Can the pieces be rotated to fit into the bin? Not an issue with square pieces, so this makes more algorithms available to you.
Out of all the algorithms I looked into, the most efficient solution is an Alternate Directions (AD) algorithm with a Tabu Search optimization layer. There are dissertations which prove this. I may be able to dig-up some links if this helps.
Some ideas off the top of my head, without investing much time into thinking about details.
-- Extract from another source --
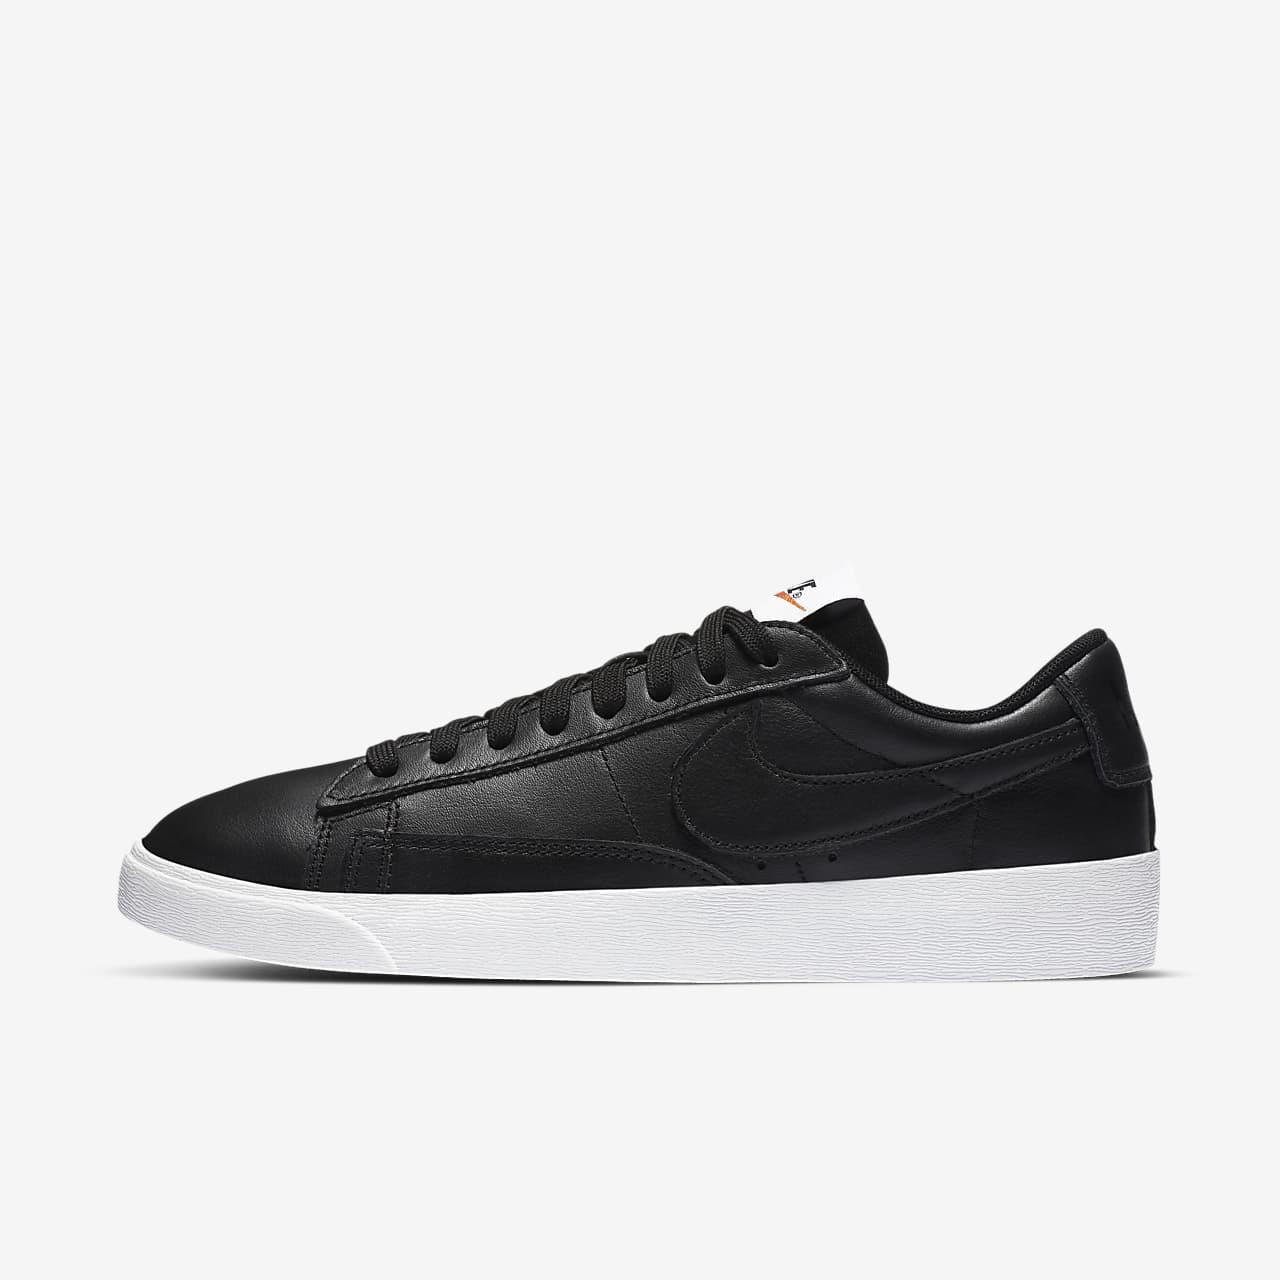 fa9147b9d3b2 Nike Blazer Low LE Women s Shoe. Nike.com

I would start by counting the number of occurrences of each digit in all squares 1..100. The total number of digits will be obviously larger than 121, but by analyzing individual frequencies you can deduce which digits must be grouped on a single line to form as many different squares as possible. For example, if 0 has the highest frequency, you have to try to put as many squares containing a 0 on the same line.
You could maintain a count of digits for each line, and each time you place a digit, you update the count. This lets you easily compute which square numbers have been covered by that particular line.
So, the program will still be brute-force, but it will exploit the problem structure much better.
PS: Counting digit frequencies is the easiest way to decide whether a certain permutation of digits constitutes a square.